Lupus panniculitis in Adult
Lupus panniculitis is sometimes termed lupus profundus and can be associated with overlying discoid lupus erythematosus (DLE) in approximately one-third of patients. Lupus panniculitis is thought to be caused by an autoimmune reaction in the deep dermis and adipose tissue. The first stage of lupus panniculitis is active inflammation with painful nodules, followed by the second stage of subcutaneous atrophy that can be cosmetically disfiguring.
Lupus panniculitis, like systemic lupus erythematosus (SLE), occurs more commonly in women. Lupus panniculitis develops in approximately 5% of patients with SLE but can occur as an isolated disease. Cutaneous manifestations of lupus panniculitis can develop years before or after the diagnosis of SLE. The average age of onset is 30-40s.
Male sex, lower extremity involvement, and concomitant DLE are associated with SLE.
L93.2 – Other local lupus erythematosus
239888002 – Lupus panniculitis
- Morphea – Usually presents with purplish borders, fewer nodules, and less facial involvement.

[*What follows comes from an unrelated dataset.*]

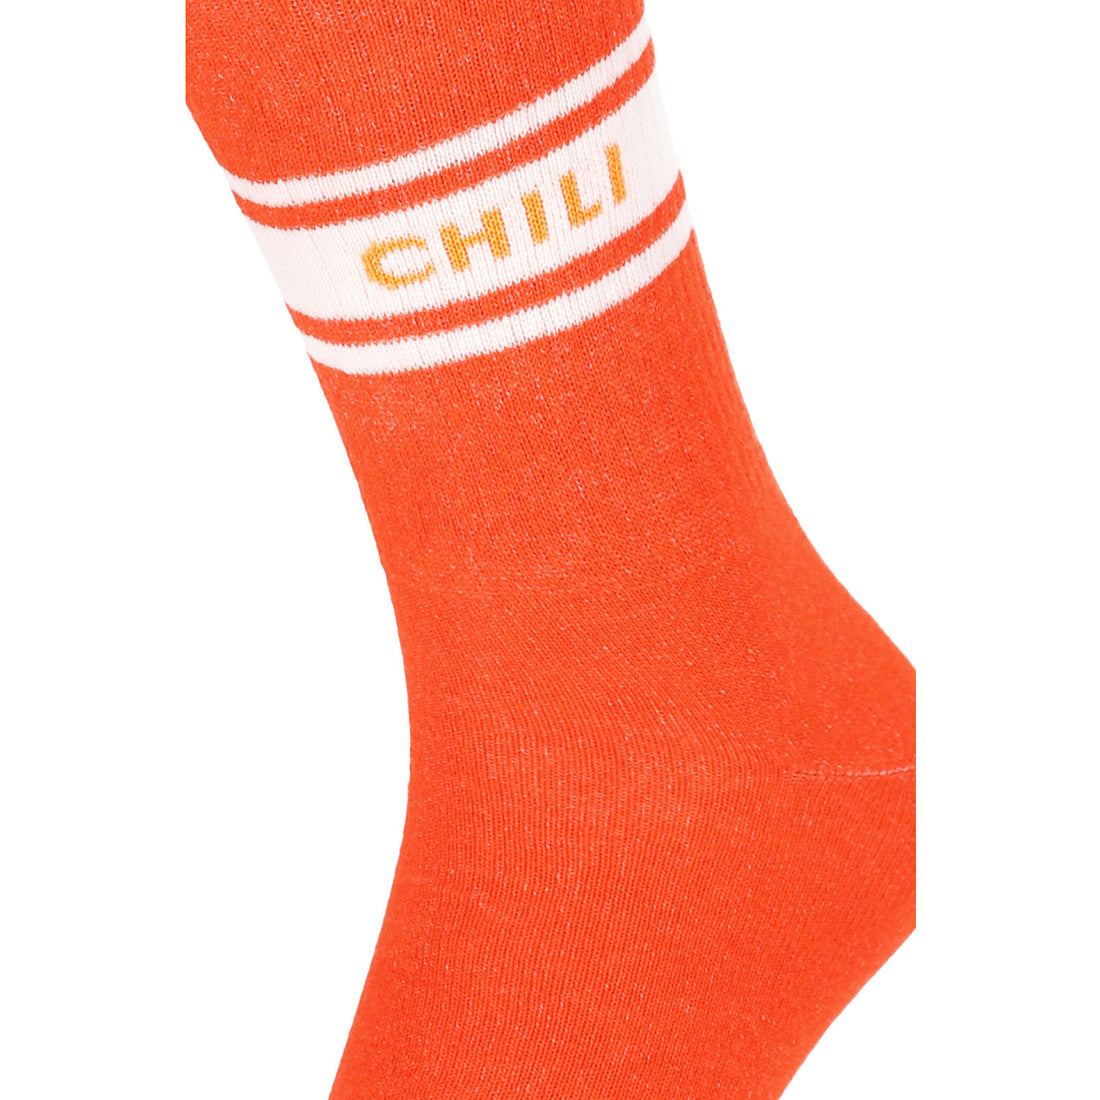 ChiliLifestyle Unisex College Socke 6er

- Sarcoidosis – Less induration, more epithelial changes.
- Subcutaneous panniculitis-like T-cell lymphoma (SPTCL) – Can present similarly both clinically and histologically to lupus panniculitis. Clinical features favoring SPTCL include the presence of systemic symptoms, leukopenia, and a high erythrocyte sedimentation rate. On histopathology, the presence of a polyclonal T-cell infiltrate, mixed CD4/CD8 population, and negative T-cell gene rearrangement studies all favor the diagnosis of lupus panniculitis over SPTCL. Lupus panniculitis lesions contain a higher percentage of CD123-positive plasmacytoid dendritic cells compared to SPTCL.
- Other types of panniculitides – Requires pathologic tissue examination to differentiate.
- Tumid lupus erythematosus – Photosensitive distribution of erythematous papules, nodules, and plaques.
- Lipoatrophy – Associated with history of injected medications or of highly active antiretroviral therapy treatment for HIV.